Grief for the living isn’t about resolution—it’s about transformation. It changes how we see the world. It makes way for fierce remembering, deeper love, and a willingness to carry forward what matters.
So what if we named the grief happening now honestly?
What if democracy as we’ve known it—flawed, unequal, riddled with contradictions—has been given a terminal diagnosis? What if it’s lying in the ICU, and we are its loved ones sitting by the bedside, watching the monitors, praying for a pulse?
In that room, the question isn’t “How do we save this?” but “What do we do now—in the wake of what is dying—so that something worthy can still live?”
That brings us to local engagement—not as a strategy or a hobby, but as a mental health practice. As medicine.
Because in overwhelming times, the world feels impossibly large. But your community—your block, your neighbors—they’re not. They’re right there.
To survive—not just physically but psychically—we need to re-anchor ourselves in what’s real and immediate. This means shifting the questions we ask. Instead of “How do I fix this?” or “Why is this happening?”, we ask:
“What is happening?”
“Where am I needed?”
These aren’t questions born of fear. They’re rooted in curiosity—and curiosity opens the door to connection.

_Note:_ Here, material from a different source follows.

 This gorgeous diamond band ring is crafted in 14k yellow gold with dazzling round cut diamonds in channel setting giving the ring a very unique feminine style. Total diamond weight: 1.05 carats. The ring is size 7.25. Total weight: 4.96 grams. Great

And connection is what keeps us whole.
Let’s not pretend: there is real harm in the world. Injustice, cruelty, and decay exist, and they can break your heart. And—and—the world is still astonishingly beautiful. The earth spins. Babies are born. Neighbors bring each other soup.

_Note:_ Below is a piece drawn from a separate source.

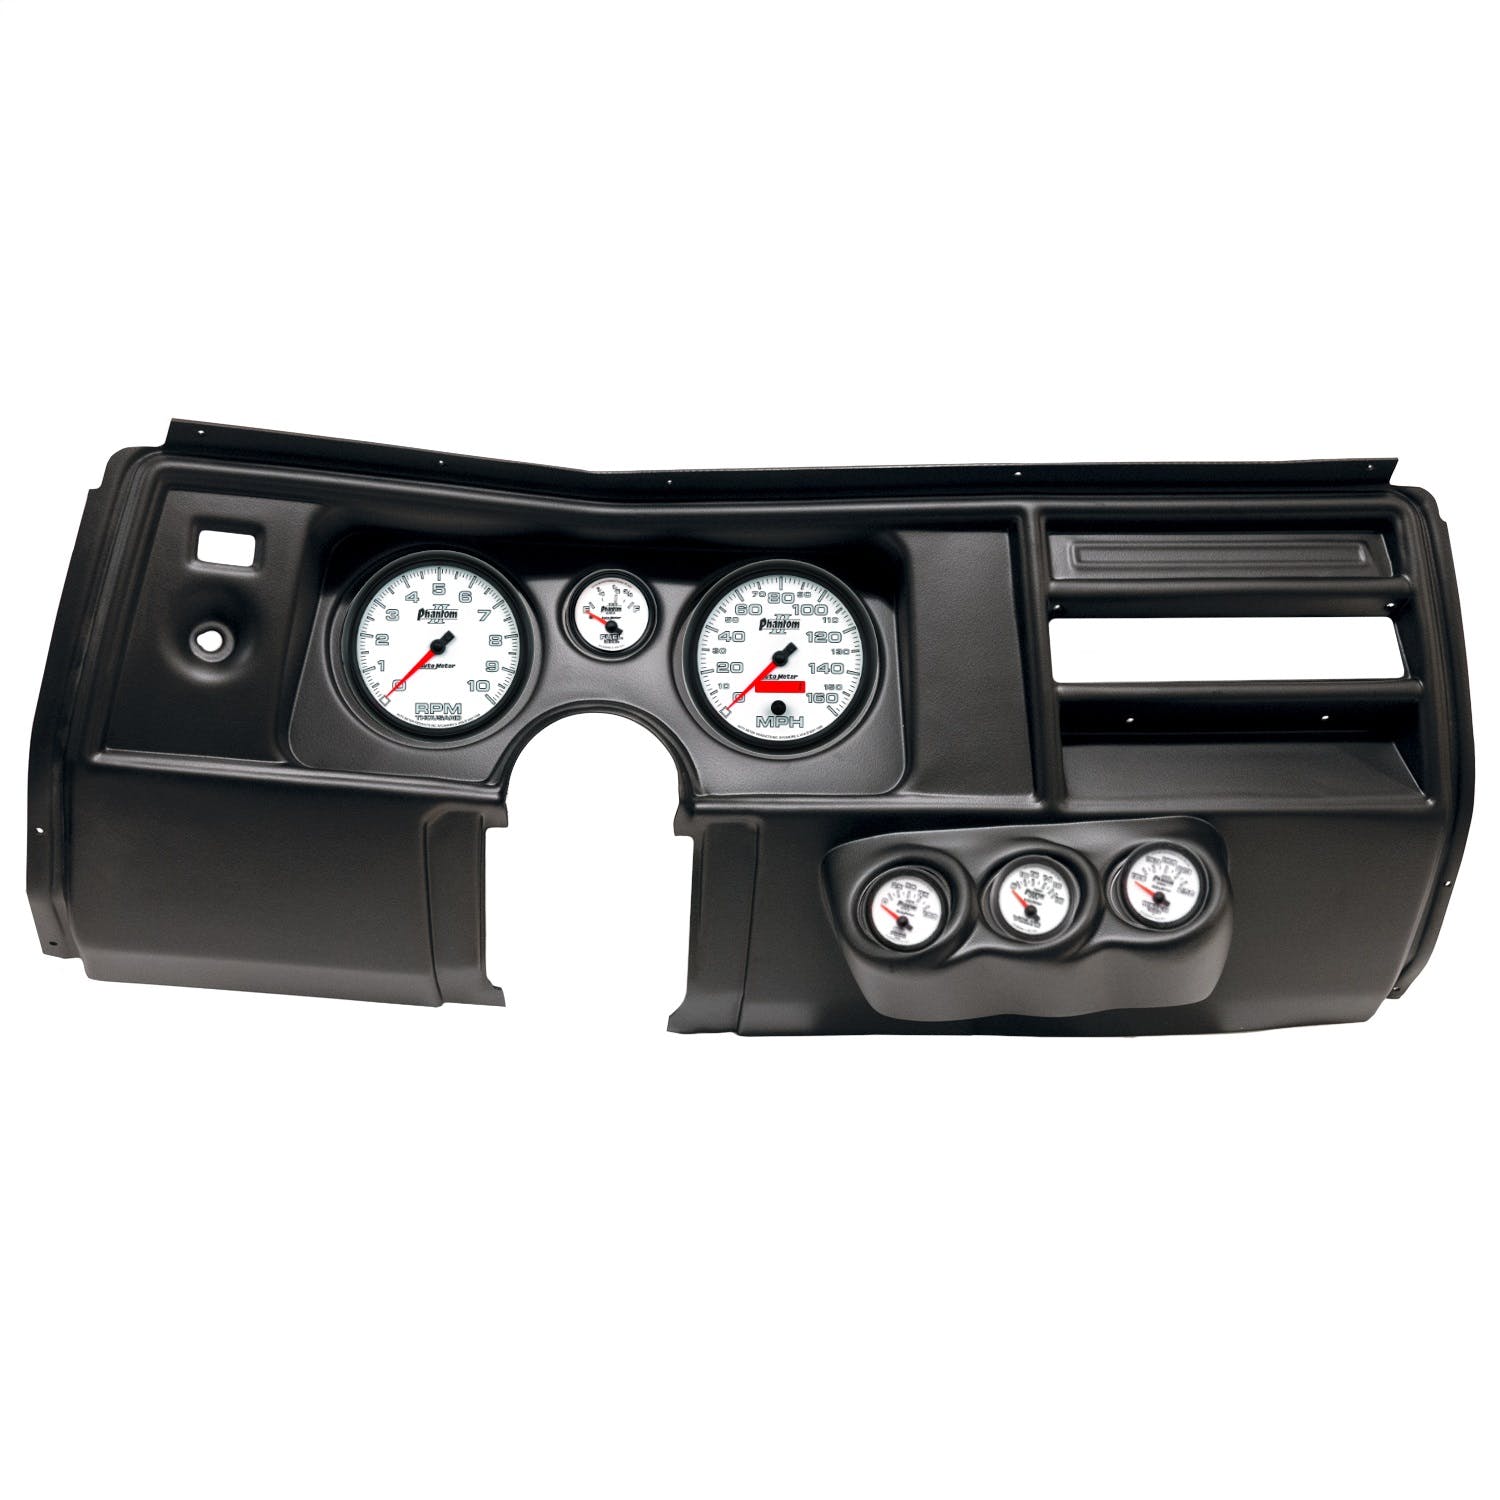 AutoMeter Products 2910-10 6 Gauge Direct-Fit Dash Kit, Chevy Chevelle No Vent 69, Phantom II

To live fully awake means holding that dissonance. To feel awe and rage in the same breath is not a sign of failure—it’s a sign of being alive.
So what do we do?
We become ecologists of the soul. We look to systems that regenerate life in toxic conditions. We practice grief, not collapse. We respond, rather than react. We channel our energy—not because we can save, but because we can serve.

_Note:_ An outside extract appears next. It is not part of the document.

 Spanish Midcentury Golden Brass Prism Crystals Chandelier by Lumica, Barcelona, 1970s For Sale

This work won’t look like your five-year vision board. It won’t come with applause. It may feel like a burden. It will not center you. But it will be centering.
As Samuel Beckett once wrote:
“I can't go on I’ll go on.”
That’s not a contradiction—it’s a spiritual truth.
So here’s a place to begin:
Get local.
Know your neighbors.
Attend a city council meeting.
Join a mutual aid group.
Ask someone, “What do you need?”
Bring food. Offer rides. Show up.
Be part of a community code that says: We don’t lie. We don’t sneak. We don’t manipulate. We ask for help. We say, “I don’t know.” We share.
This is village-mindedness. It doesn’t put you at the center. It puts us at the center. And in that shift, there is healing—not because it will fix everything (it won’t), but because connection makes survival possible. Because solidarity is a balm. Because belonging, even in grief, may be the most powerful antidote to despair.
So rest when you need. Get back in the water when you can. Let others share the ocean. And together, let’s keep learning to surf.
I needed this. Your perspective and thoughtfulness hit the mark. I am sharing it with friends and family. We are lucky to live in a wonderful neighborhood. We are all "long in the tooth" at this point, and we rely on each other more and more. I have been beyond angry and balistic with the chaos around us, your writing is sustenance. Thanks a lot.
Thank you for sharing this. Alternative ways to process my overwhelming sadness over this entire regime are very helpful. I am usually an optimist and try to find joy wherever I can but it has become an exhausting endeavour. Surfing will help!